"L'escalier, toujours l'escalier qui bibliothèque et la foule au bas plus abîme que le soleil ne cloche."

Robert Desnos,
Langage Cuit, 1923.

lundi 8 octobre 2012

Une histoire en attente

Ce n'est pas seulement en voisin qu’Éric Hazan vient régulièrement présenter, à la librairie L'Atelier - 2bis rue du Jourdain -, les livres qu'il écrit ou qu'il édite. C'est aussi sans aucun doute parce qu'il lui suffit de gravir quelques mètres de dénivelé de la colline de Belleville pour se retrouver en territoire de complicité et d'amitié avec les responsables du lieu, Georges-Marc Habib, le patron, et Natacha de la Simone, la responsable du rayon sciences humaines et polars, et, bien sûr, avec ses lectrices et lecteurs.

Sa dernière apparition officielle à cette altitude est récente. Elle eut lieu ce vendredi, le 6 octobre, et notre homme en a profité pour faire une présentation de son dernier livre, Une histoire de la Révolution française, paru en septembre aux éditions La fabrique.

Mes deux abonné(e)s pourront se vanter, avec la discrétion que je leur suppose, auprès de leur(e)s ami(e)s moins bien pourvu(e)s côté réseaux sociaux, de suivre un blogue tenu par un qui y était...


Le livre d'Hazan est maintenant en attente de lecture, sur le coin de ma table de travail, au sommet de la pile des ouvrages à dépouiller sans délai.

Car, autant le dire, il ne m'est pas du tout indifférent qu'un auteur comme Éric Hazan ait entrepris d'écrire une histoire de la Révolution française.
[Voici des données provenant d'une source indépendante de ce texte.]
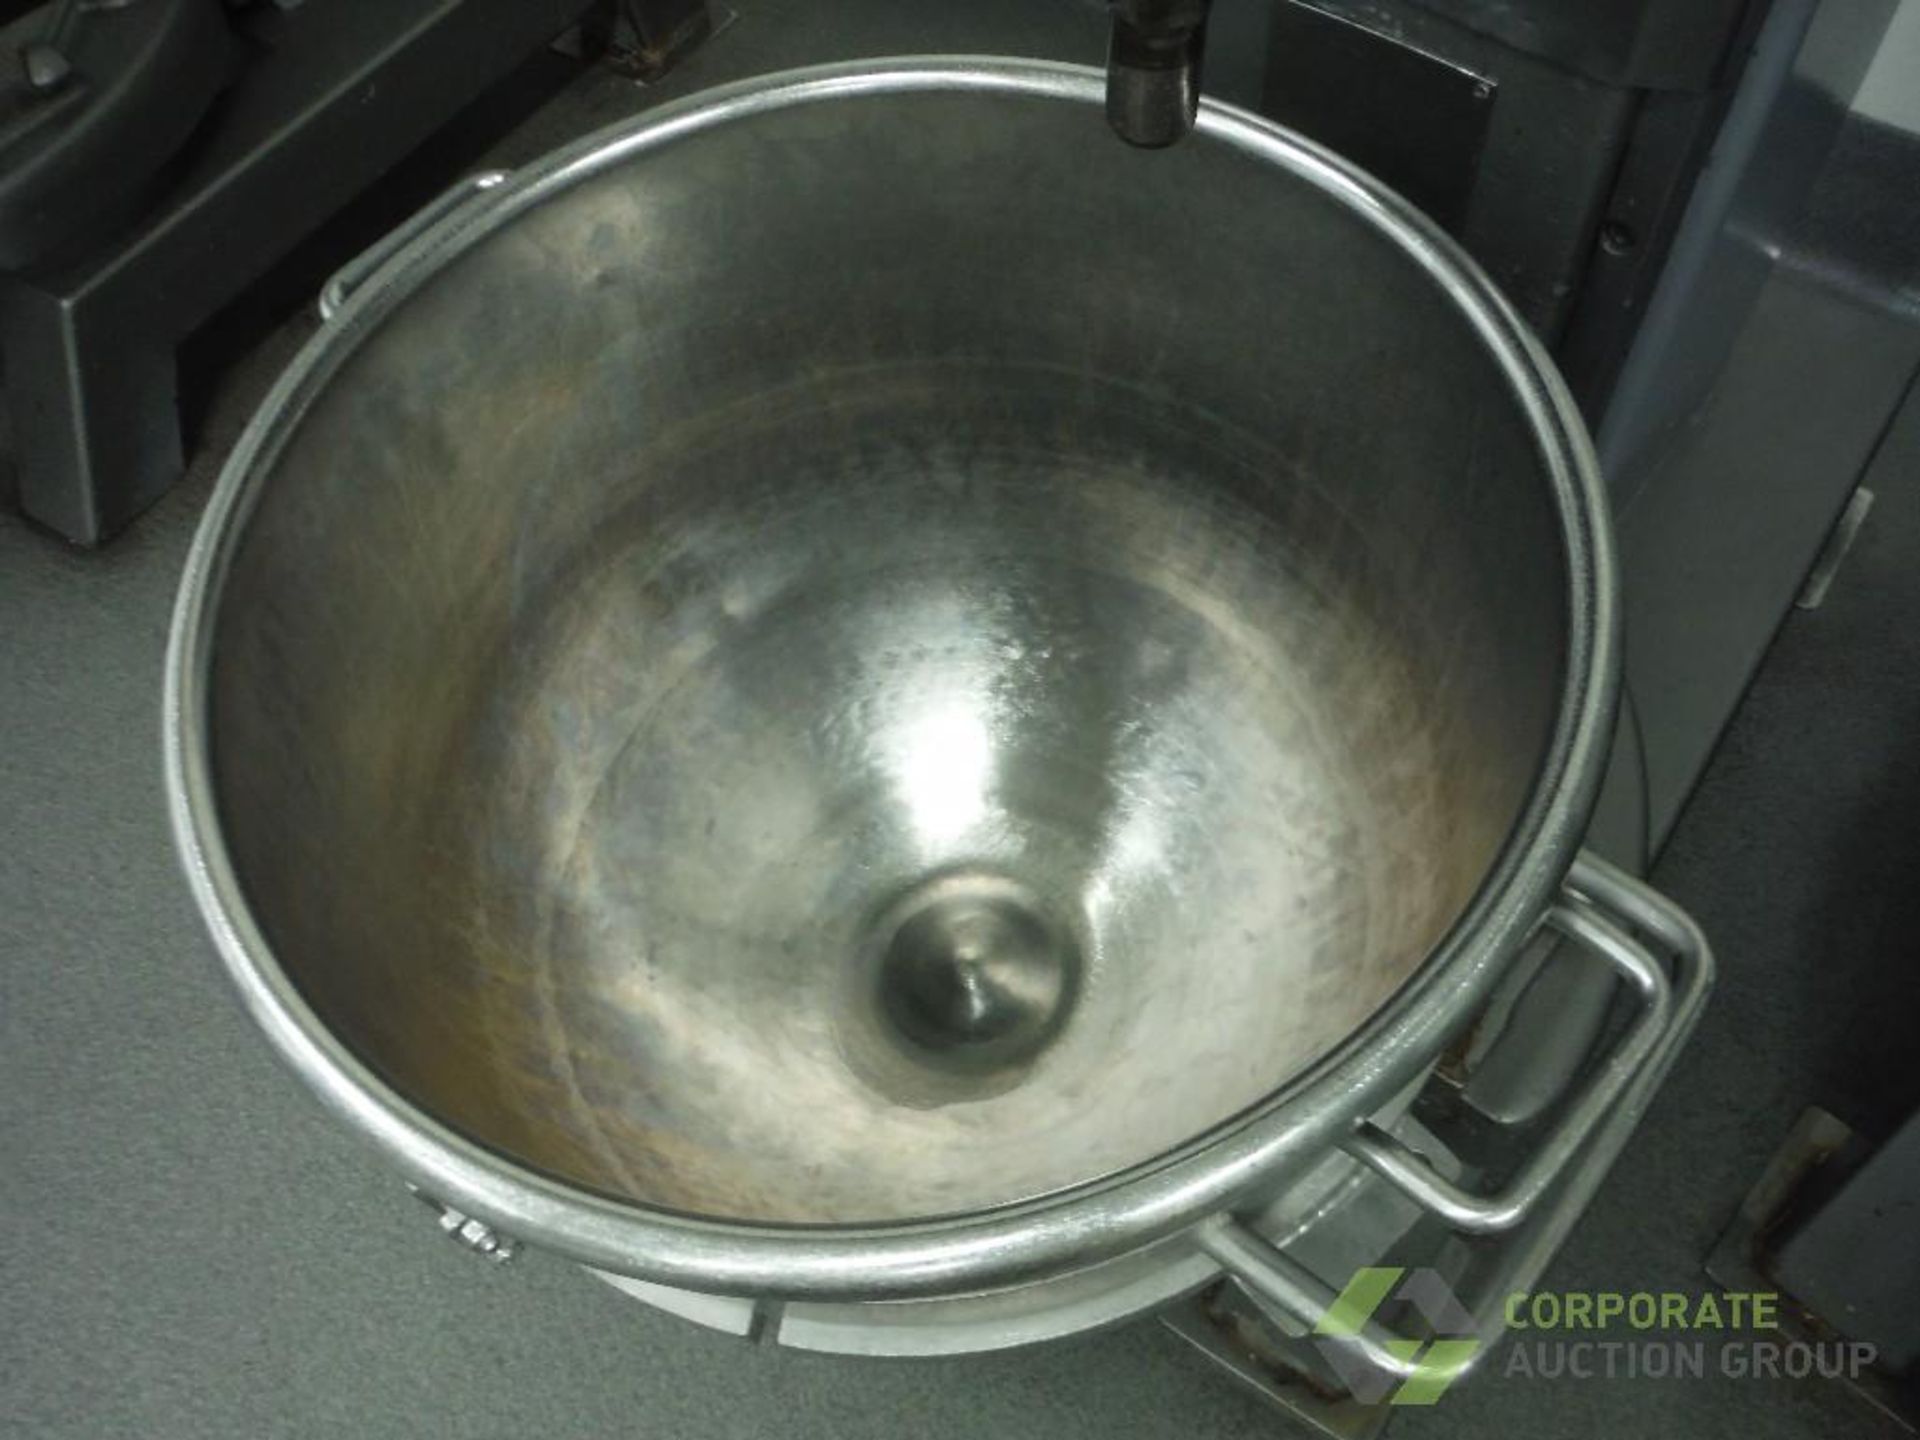 Hobart 80 qt. mixer, Model L 800, SN 11-351-008, with SS bowl, dolly - Image 4 of 8

Cette histoire, en effet, semble majoritairement considérée comme un fâcheux accident de l'Histoire que l'on peut juger de manière expéditive d'un mot dicté par nos actuels préjugés. C'est à peine si l'on s'étonne d'entendre, au cours d'une émission de parlotes télévisées à prétentions impertinentes, un sinistre « comique » ramener son grain de gros sel :

La Révolution a été une boucherie... après ça devient une charcuterie infâme... et, moi, je suis fils de charcutier, je sais ce que c'est...
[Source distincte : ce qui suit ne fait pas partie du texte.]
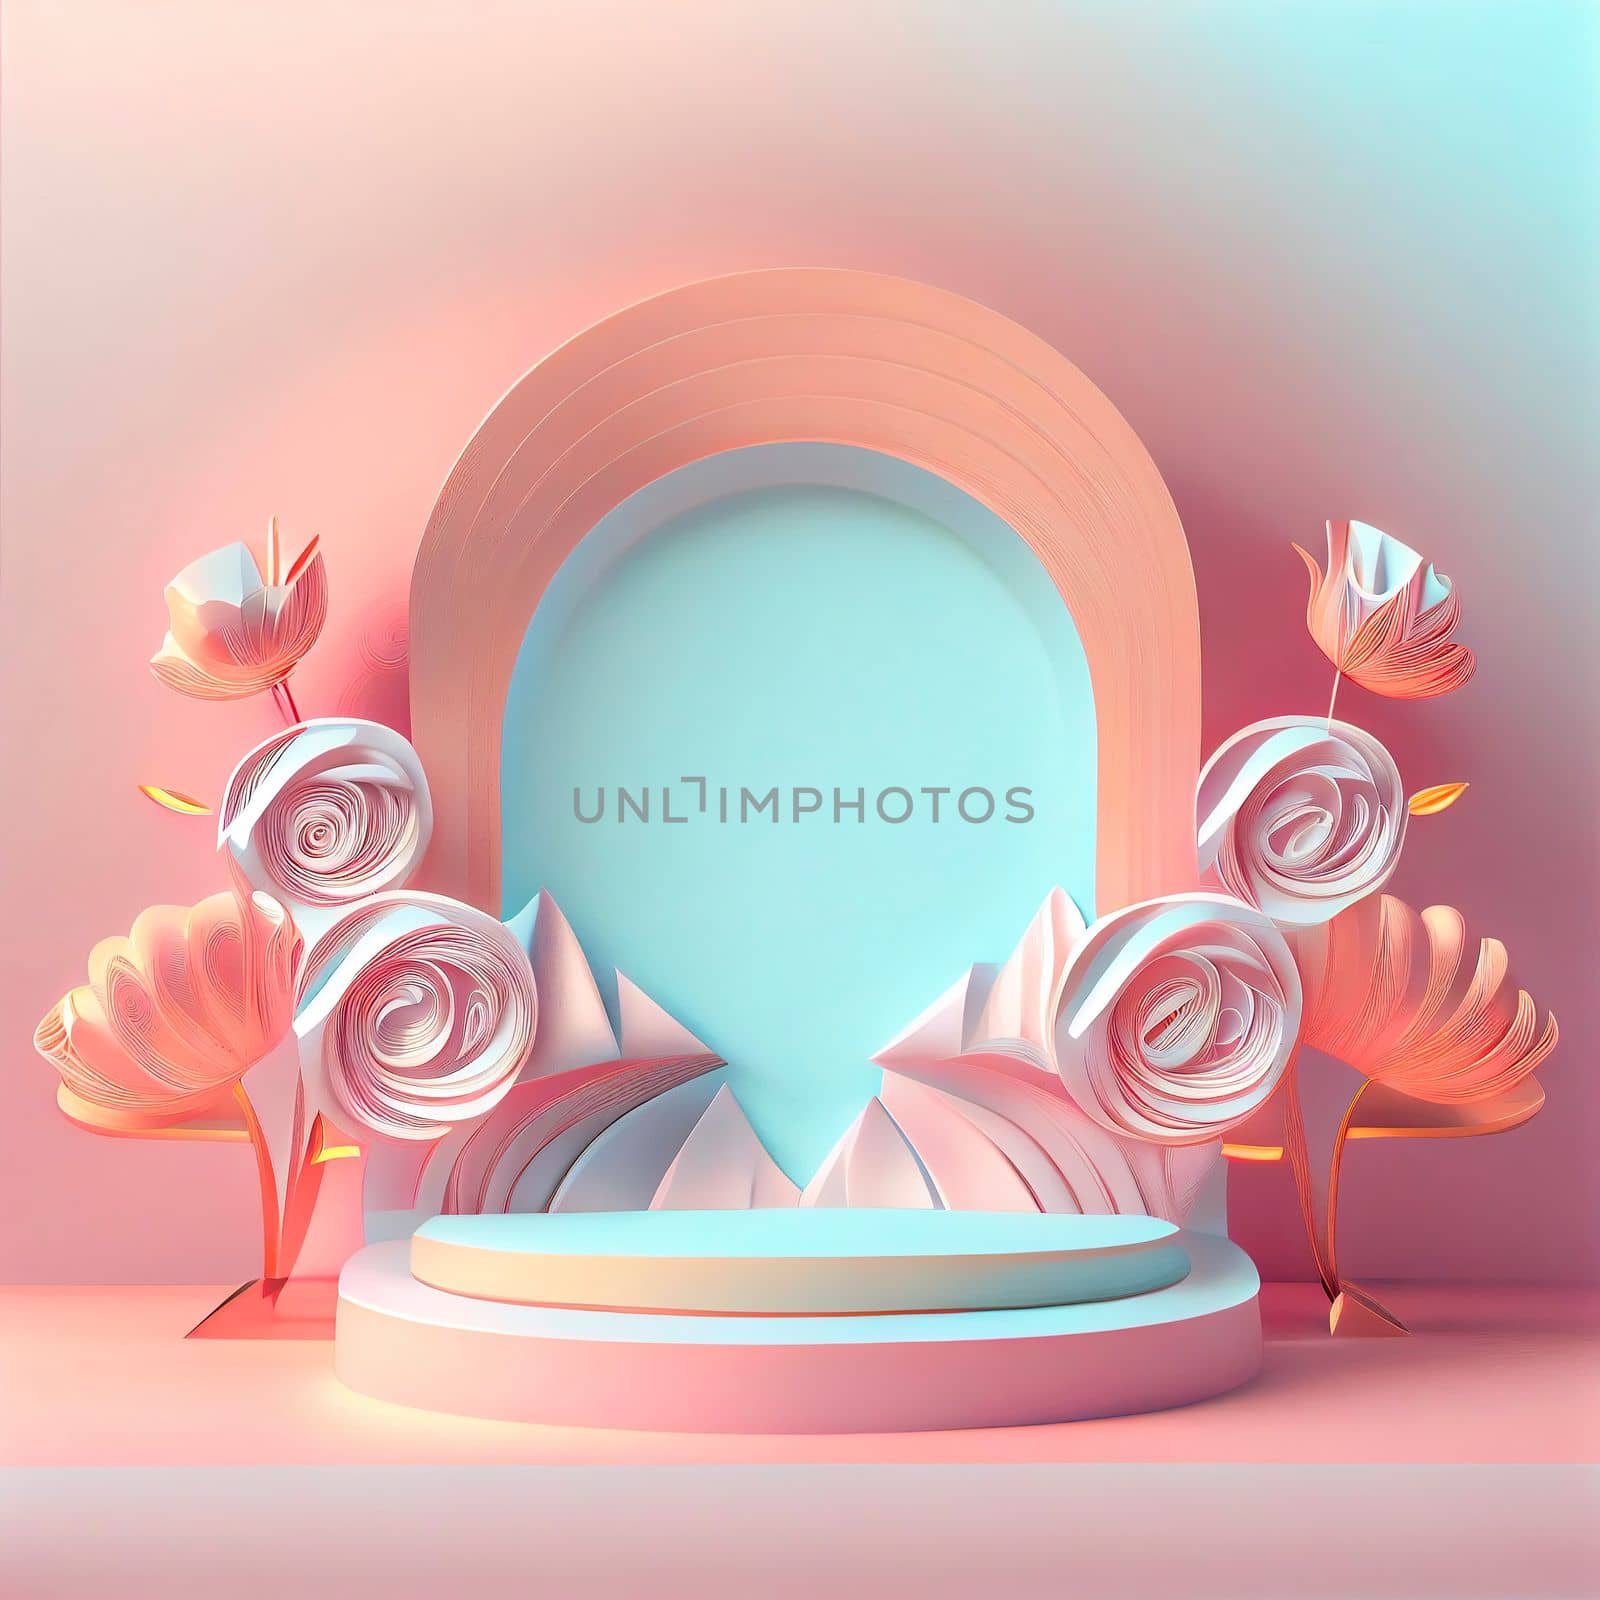 Feminine and elegant 3d podium illustration with abstract flower ornament for product display by templator

Cette sortie en eau de boudin est assez caractéristique du prêt-à-penser dominant. Il s'exprime ailleurs en des termes mieux choisis et avec plus de subtilité. En faisant, pour rester dans le ton, un résumé au hachoir à viande, on peut considérer que la tendance est d'envisager l'épisode révolutionnaire comme la matrice exemplaire des totalitarismes qui ont marqué le XXe siècle. Cette conception, désormais bien ancrée dans les esprits, a fini par s'imposer massivement pendant les années encadrant les célébrations du bicentenaire de la Révolution, qui se sont déroulées sous la présidence d'un ancien pétainiste et sous l'influence d'un historien renégat.
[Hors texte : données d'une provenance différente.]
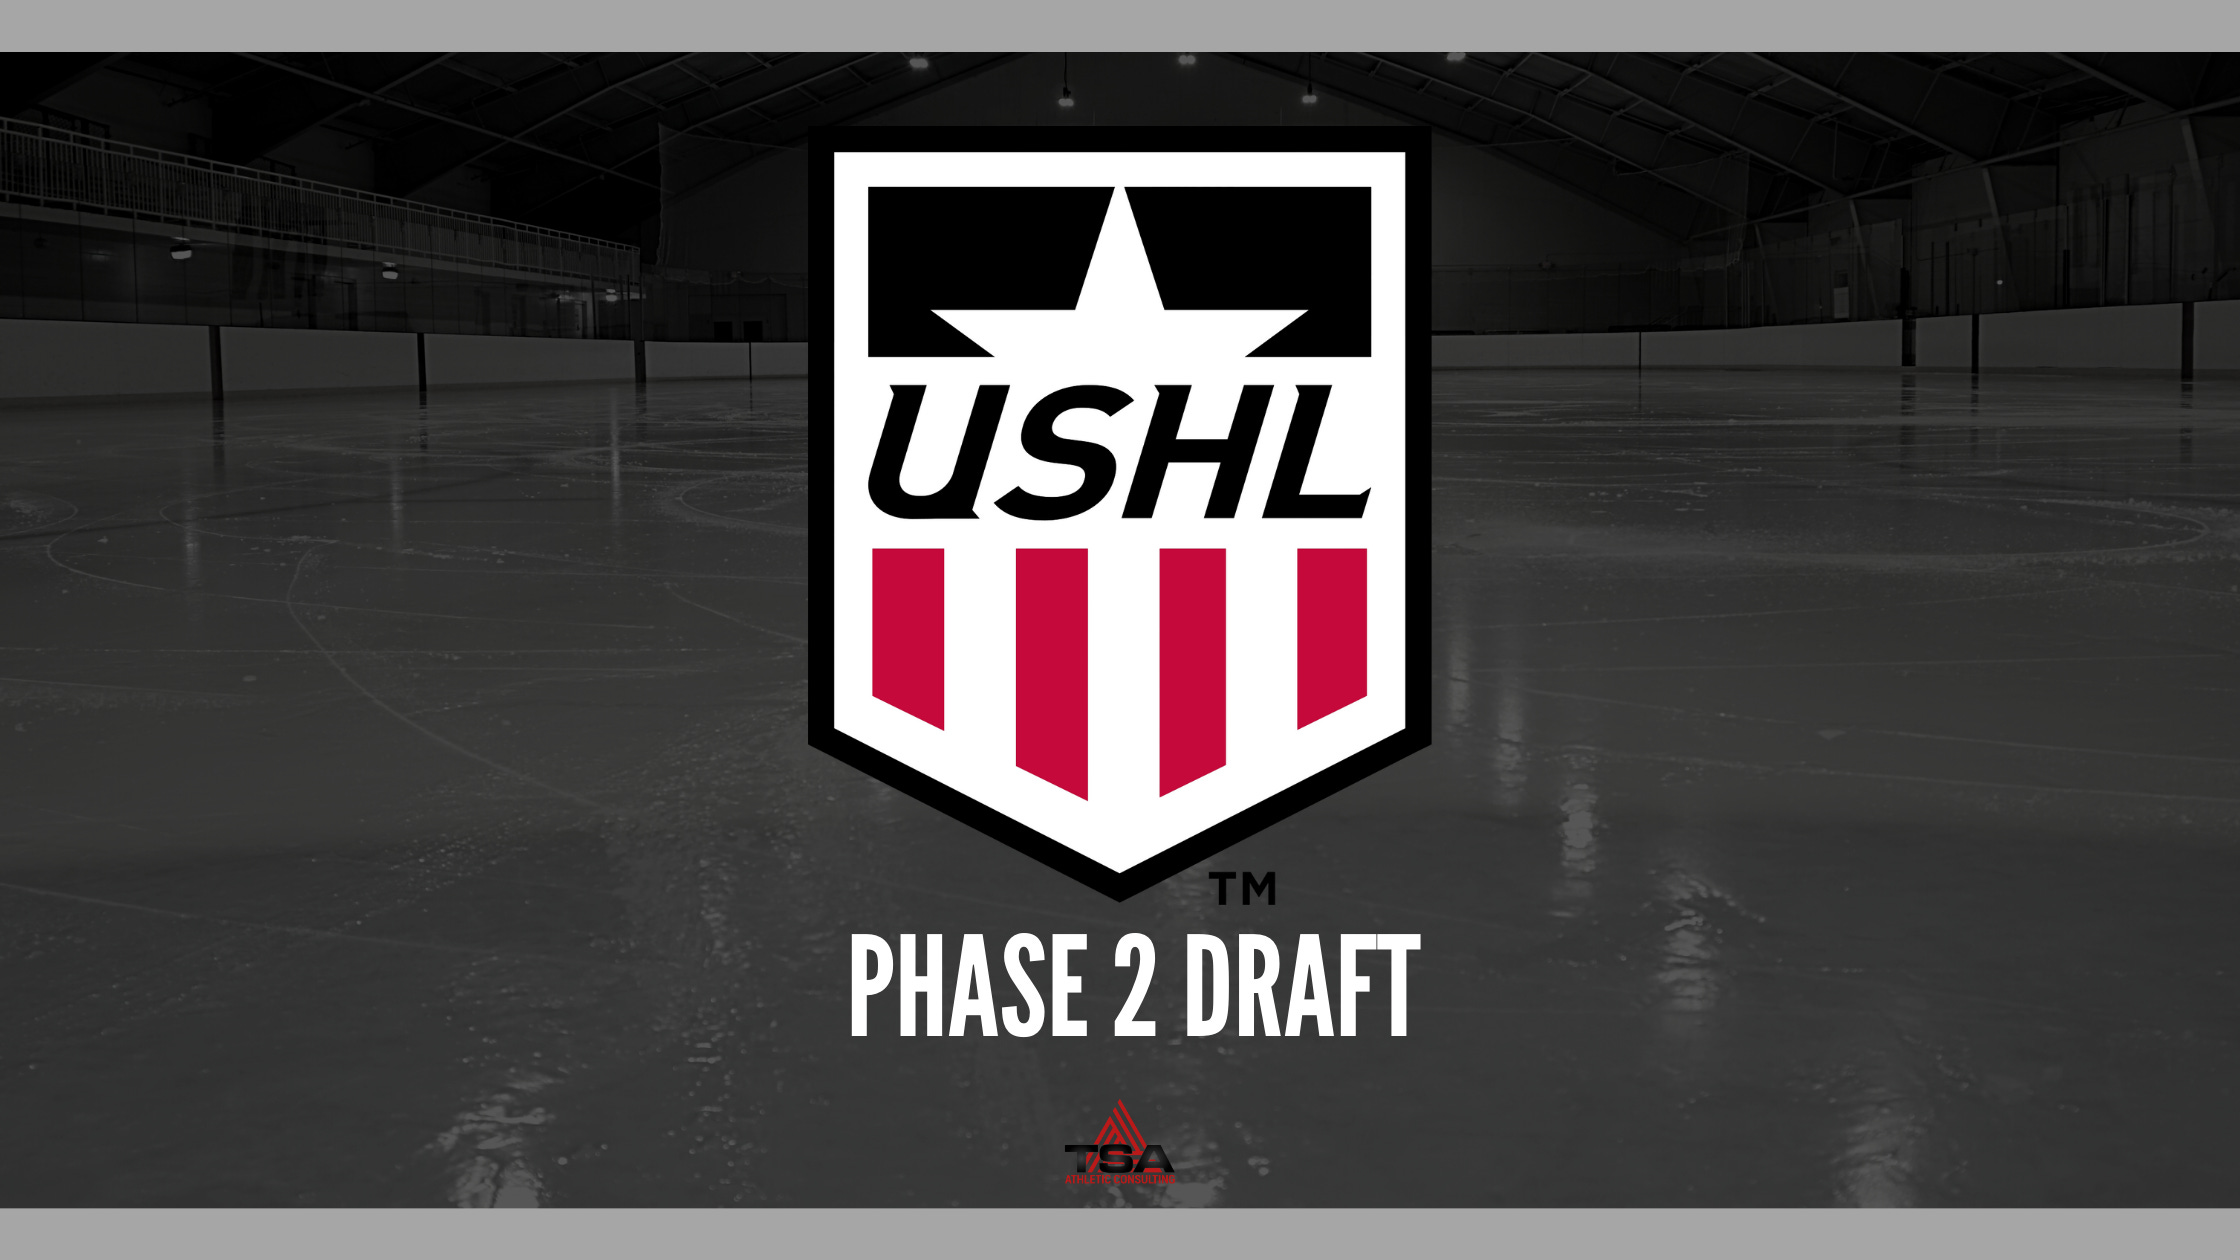 USPHLCommitments: South Shore's Allain Prepping For Future With Framingham  State

Le livre d’Éric Hazan n'entend pas prendre part aux débats historiographiques, maintenant bien retombés, sur la période révolutionnaire. Ce serait là, dit l'auteur dans son introduction, un « sujet intéressant, mais pour un autre livre » - et j'espère n'être pas le seul à souhaiter qu'il s'attelle à cet « autre livre ». Mais, sans les ignorer, il fait peut-être mieux en rafraîchissant l'image de la Révolution, et en restaurant certaines zones de cette image effacées par le révisionnisme historique qui a fini par s'imposer...

(C'est du moins ce que la présentation qui a été faite de ce travail, ainsi que les extraits qui en ont été lus, m'ont laissé supposer.)

Maximilien Robespierre, dit Joseph,
portrait idéologique convenu,
dernier quart du XXe siècle.

Durant cette soirée, un intervenant de ma génération a évoqué l'image positive de la Révolution française qui lui avait été enseignée pendant ses années studieuses chez les bons pères, où Robespierre lui avait été surtout, disait-il, présenté comme « l'incorruptible »... Cela me conduisit à me demander quelle image j'avais retenue de l'enseignement beaucoup plus réactionnaire que j'avais moi-même reçu chez d'autres religieux. Je crois que, allant à rebours des leçons alors données, je m'étais fait une idée de l'émergence, dans cet événement, d'une vérité. Et j'ai été heureux d'entendre Eric Hazan la nommer, un peu plus tard, en répondant à la question de savoir quel « chantier » avait, selon lui, ouvert la Révolution française.

Cette vérité, c'est celle de l'égalité.

Et j'espère que son livre nous rappelle cela...

Car, s'il faut vraiment parler de « chantier », il faut constater que celui-là est resté en attente.